As President Obama hailed the end of U.S. military intervention in Iraq, Washington will continue to closely consult with Baghdad on regional security matters, including monitoring violence in Syria and the possible interference of Iran now that U.S. troops are departing.
"This is a historic moment," Obama said Monday during a visit by Iraqi Prime Minister Nouri al-Maliki. "A war is ending. A new day is upon us and let us never forget those who gave us this chance."
Speaking to reporters alongside Maliki, Obama said the Iraqi premier's decisions regarding the region were motivated by his sense of nationalism rather than any loyalty to his Shiite neighbor, Iran.

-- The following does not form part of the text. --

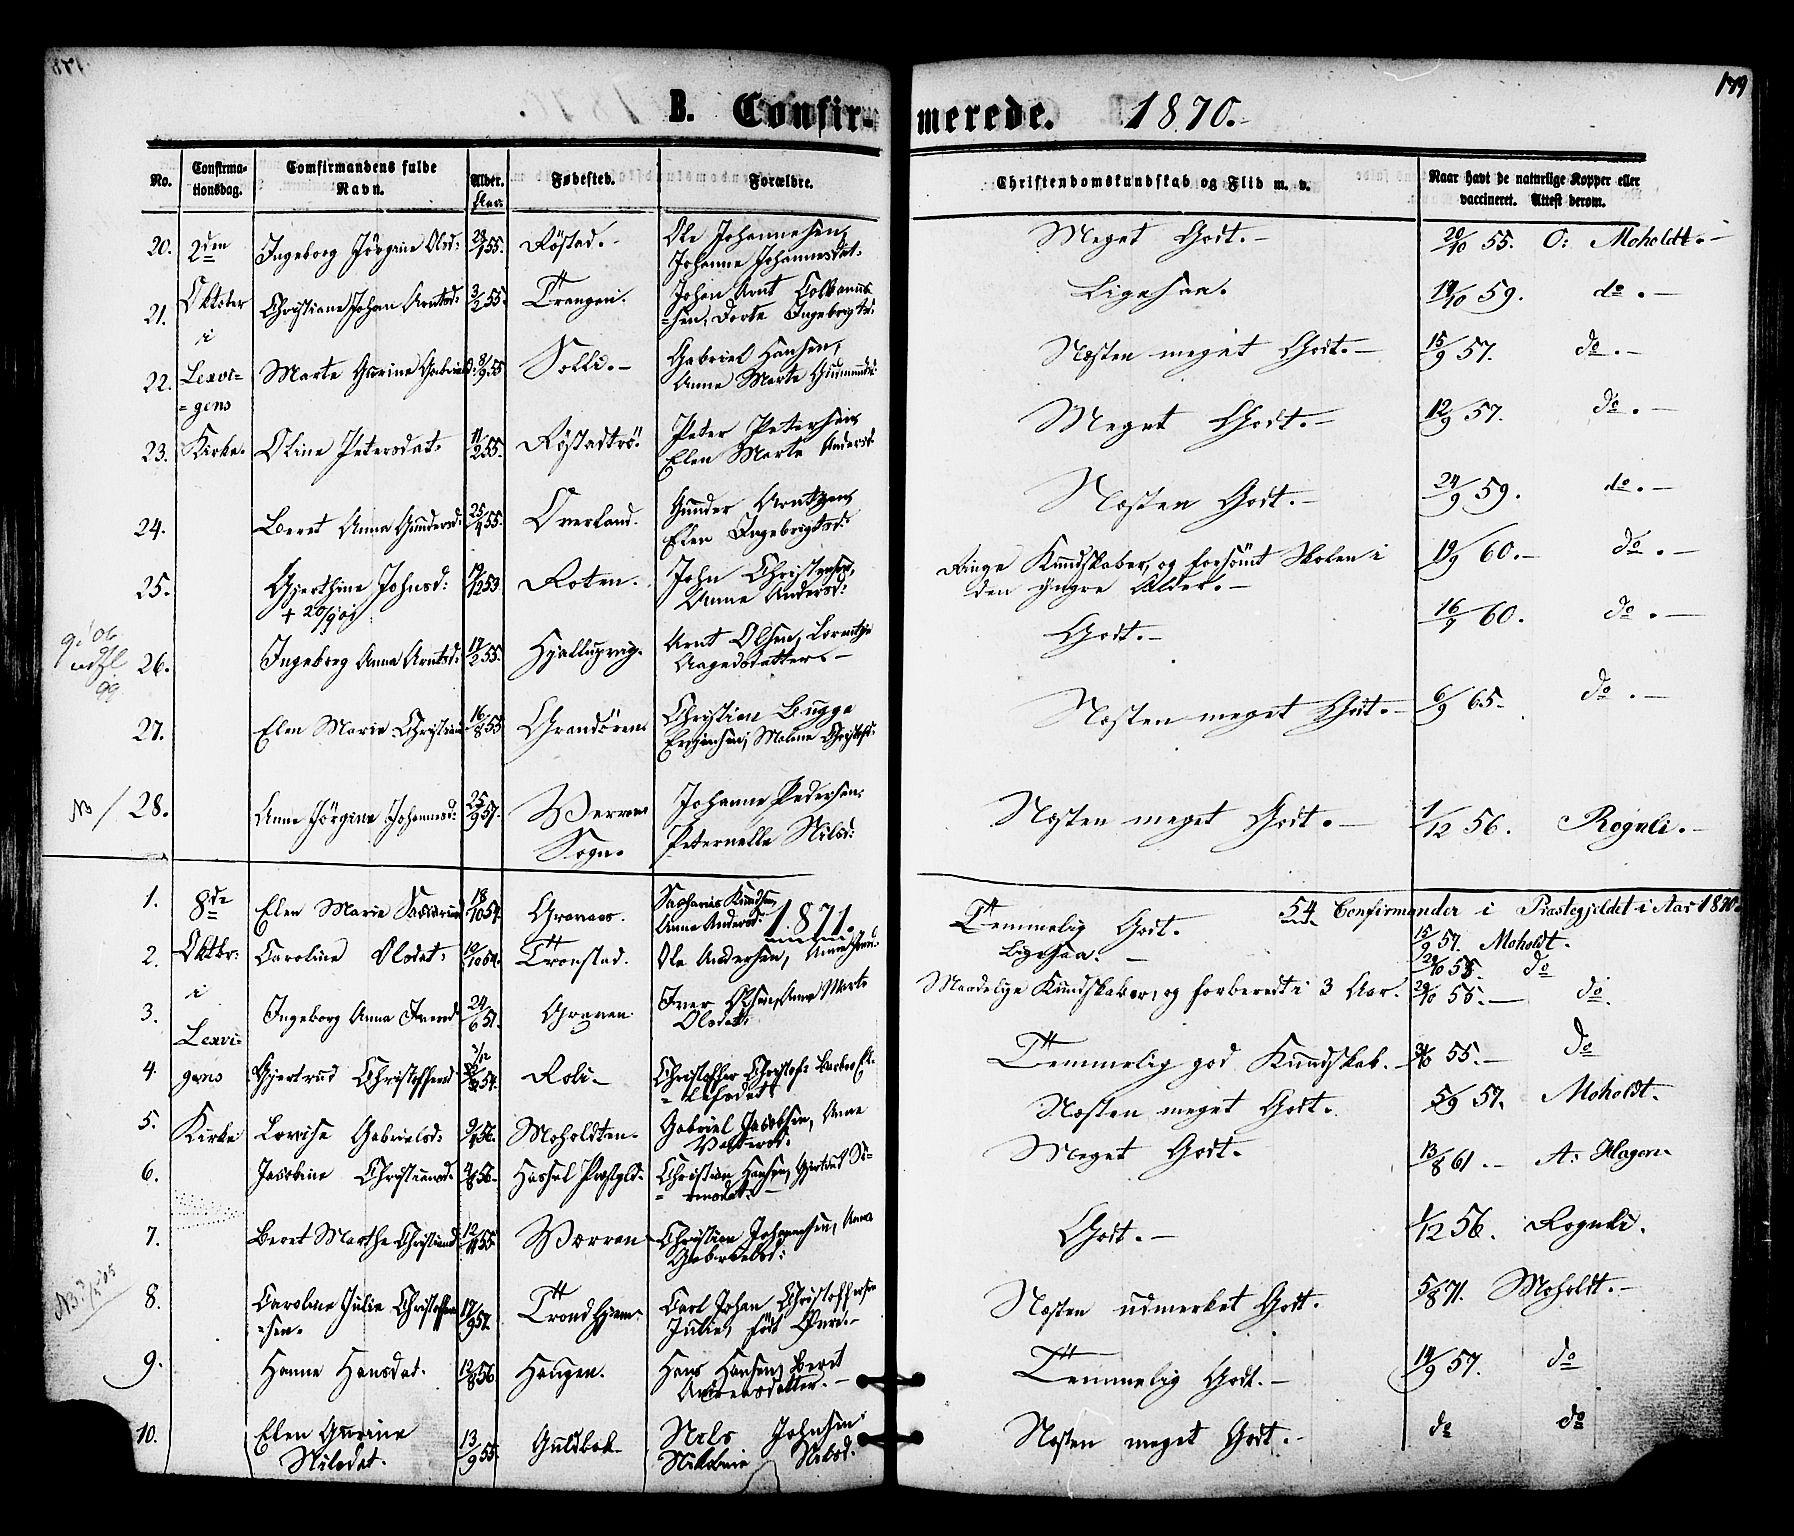 SAT, Ministerialprotokoller, klokkerbøker og fødselsregistre - Nord-Trøndelag, 701/L0009: Ministerialbok nr. 701A09 /1, 1864-1882, s. 179
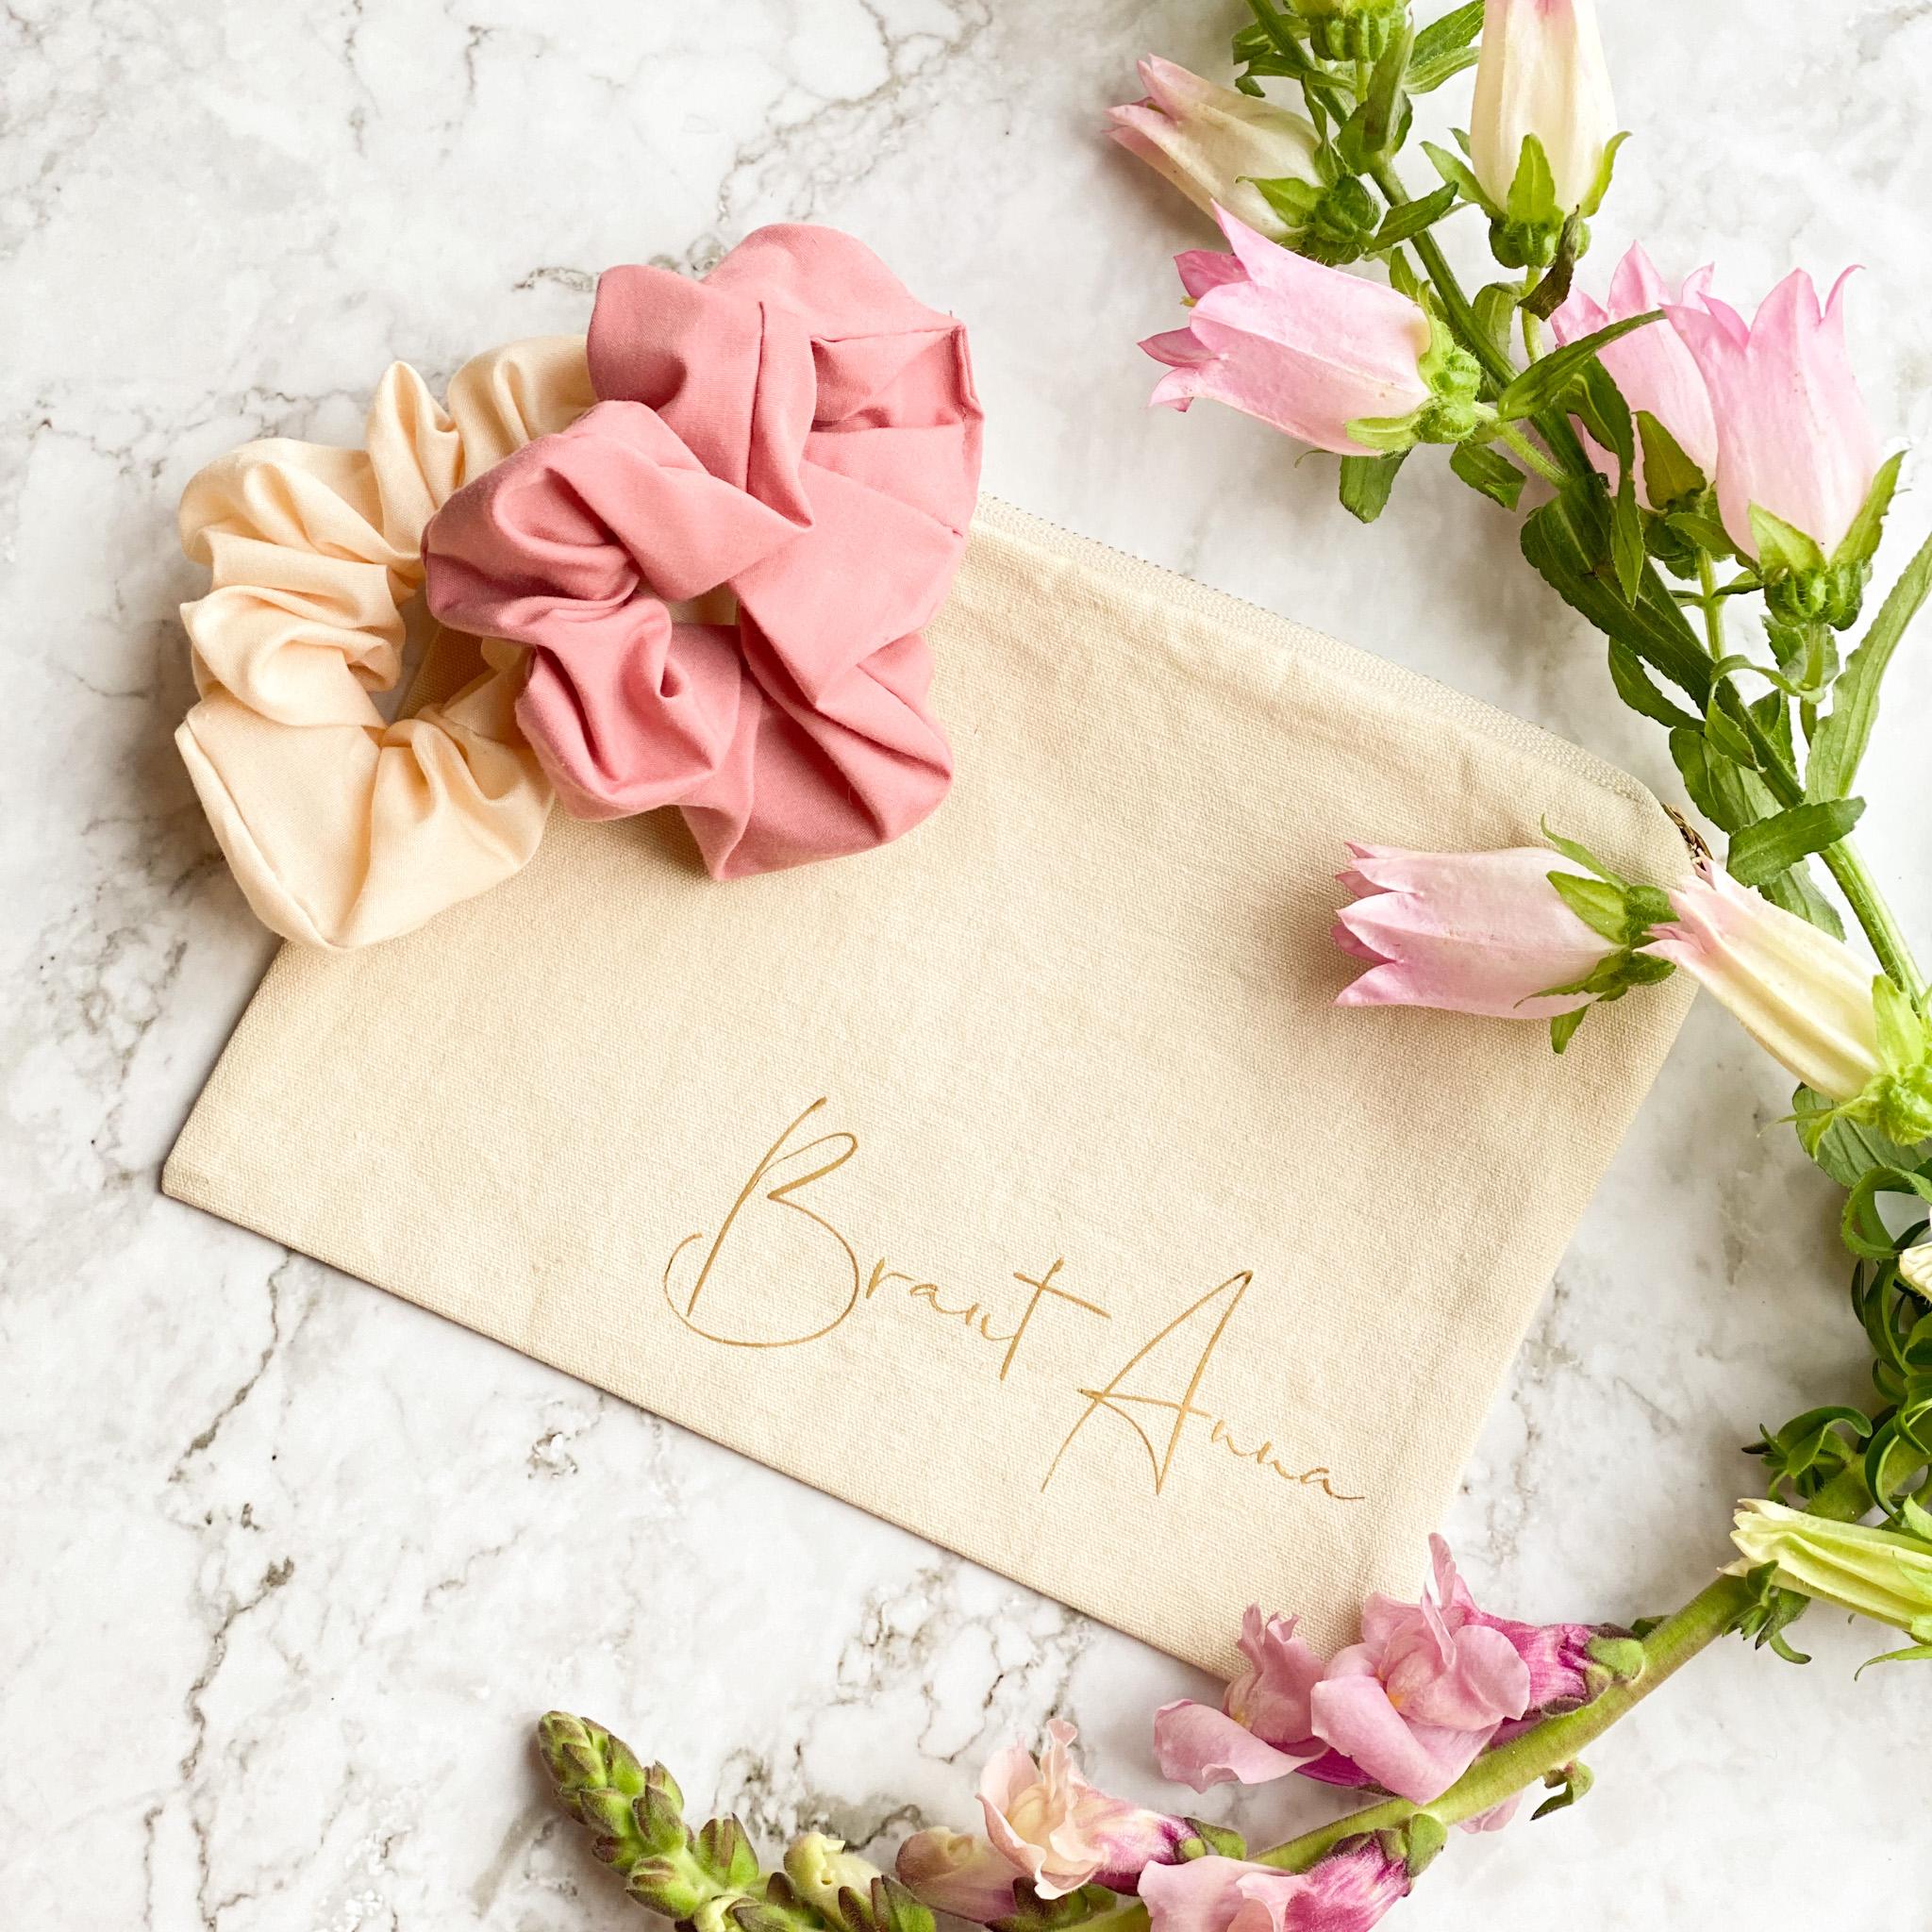 Kosmetiktasche in cremeweiß mit zwei Scrunchies in rosé und creme | personalisierbar | Schöne Geschenkidee

"Prime Minister Maliki has been explicit here in the United States, he's been explicit back in Iraq that his interest is in maintaining Iraqi sovereignty and preventing meddling by anybody inside of Iraq, and I believe him," Obama said. "He has shown himself to make very tough decisions in the interest of Iraqi nationalism, even if they cause problems with his neighbor."
Speaking on Maliki's sympathetic stance toward Syrian President Bashar al-Assad, currently under pressure from regional leaders because of his violent crackdown on antigovernment protesters, Maliki said he sided with the Arab League in issuing sanctions against Syria despite his own country's difficulties dealing with sanctions under the U.N. Oil-for-Food program following the 1991 Gulf War. Iraq abstained from the Arab League vote.
Obama declared that after nine years -- with more than 4,500 U.S. troops killed and tens of thousands wounded in addition to more than 100,000 Iraqis dead and millions displaced -- hostilities in that country were now over, but Iraqi-U.S. security cooperation would continue.